Selection of Grid Forming Energy Storages

[0039] With reference to FIG. 3, following a fault and/or during islanding, detected at the PCC breaker 7, the network controller 4 calculates reference values for the first and second energy storages 2a and 2b, resulting in that the second energy storage 2b, as controlled by the second storage controller 3b, changes mode to grid forming mode while the first energy storage 2a, as controlled by the first storage controller 3a, remains in its present mode e.g. voltage control mode. This could be decided due to location of the loads and SoC of the respective storages 2a and 2b. For large and foreseeable disturbances, as when the microgrid is islanded, the reference values may be precalculated for immediate implementations.

EXAMPLE 3

Selection of Energy Storages for Damping Control

[0040] With reference to FIG. 4, in which the power grid 6 with which the microgrid 1 is connected at the PCC 7 is another microgrid, the network controller 4 which controls both microgrids 1 and 6 calculates reference values for energy storages 2 of both microgrids 1 and 6, resulting in the selection of the second energy storage 2b of microgrid 1 and the third energy storage 2c of the power grid 6 for an inter area mode oscillation damping measured at the two remote locations RL1 and RL2 on either side of the PCC 7. The action performed by the second and third energy storages 2a and 2c could for instance be change in power injection at different frequencies, as illustrated in FIG. 5.

[0041] With reference to FIGS. 6 and 7, method embodiments of the present invention, performed in/by the network controller 4 or any or each of the storage controllers 3 are presented below.

[0042] FIG. 6 is a flow chart illustrating a method performed by a network controller 4 of the electrical power microgrid 1 comprising a plurality of energy storages 2. Each energy storage is associated with (controlled by) a respective storage controller 3. The method comprises receiving S1 information about a measurement made at a remote location RL in the microgrid. The method also comprises obtaining S2 respective participation factors in respect of the remote location for each of at least a first energy storage 2a and a second energy storage 2b of the plurality of energy storages. The method also comprises obtaining S3 respective states of charge of each of said at least first and second energy storages, to ensure the calculated S4 reference values based on system disturbance and participation factor of the storage can be archived (otherwise they are adjusted accordingly). The method also comprises, for each of the at least first and second energy storages 2a or 2b, calculating S4 a reference value for the energy storage and sending S5 the reference value to the storage controller 3a or 3b with which the energy storage is associated. The calculating S4 comprises calculating the reference value based on the obtained S2 participation factors and the obtained S3 states of charge.

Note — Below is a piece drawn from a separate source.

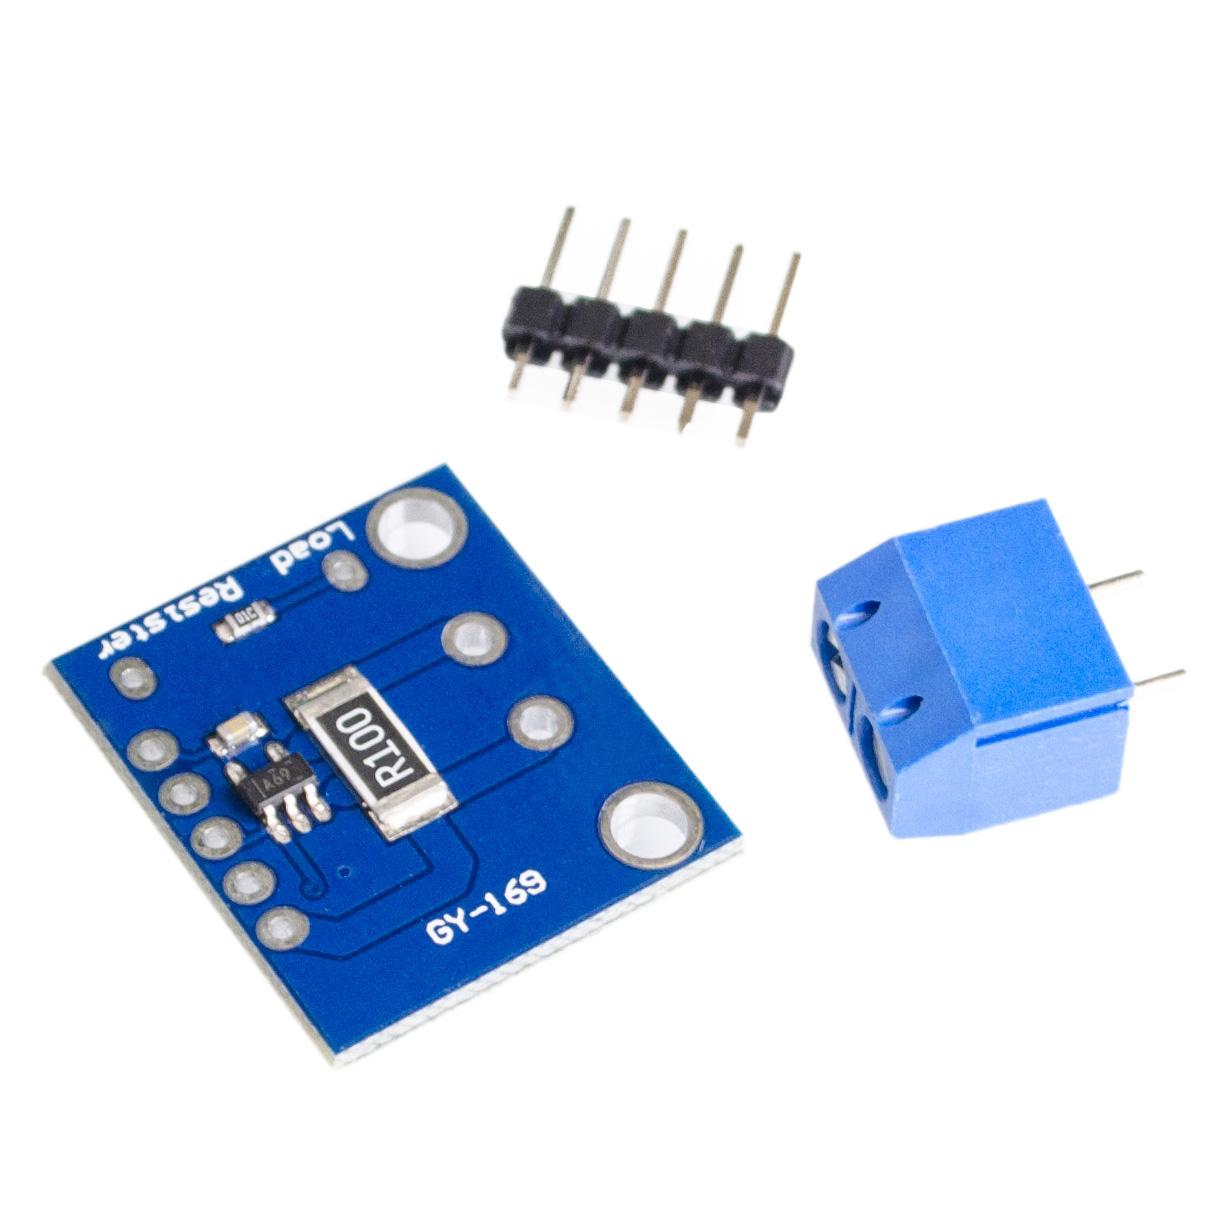 GY-169 INA169 precision current converter current sensor module

[0043] FIG. 7 is a flow chart illustrating a method performed by a storage controller 3 associated with an energy storage 2 in the electrical microgrid 1. The method comprises controlling S11 the energy storage based on a preset reference value. The method also comprises, from a network controller 4 of the microgrid, receiving S12 an updated reference value. The method also comprises receiving S13 information about a measurement made at a local location LL. The method also comprises adjusting S14 the preset reference value based on both the received S12 updated reference value and the received S13 measurement information. The method also comprises controlling S15 the energy storage based on the adjusted S14 reference value.

[0044] The present disclosure has mainly been described above with reference to a few embodiments. However, as is readily appreciated by a person skilled in the art, other embodiments than the ones disclosed above are equally possible within the scope of the present disclosure, as defined by the appended claims.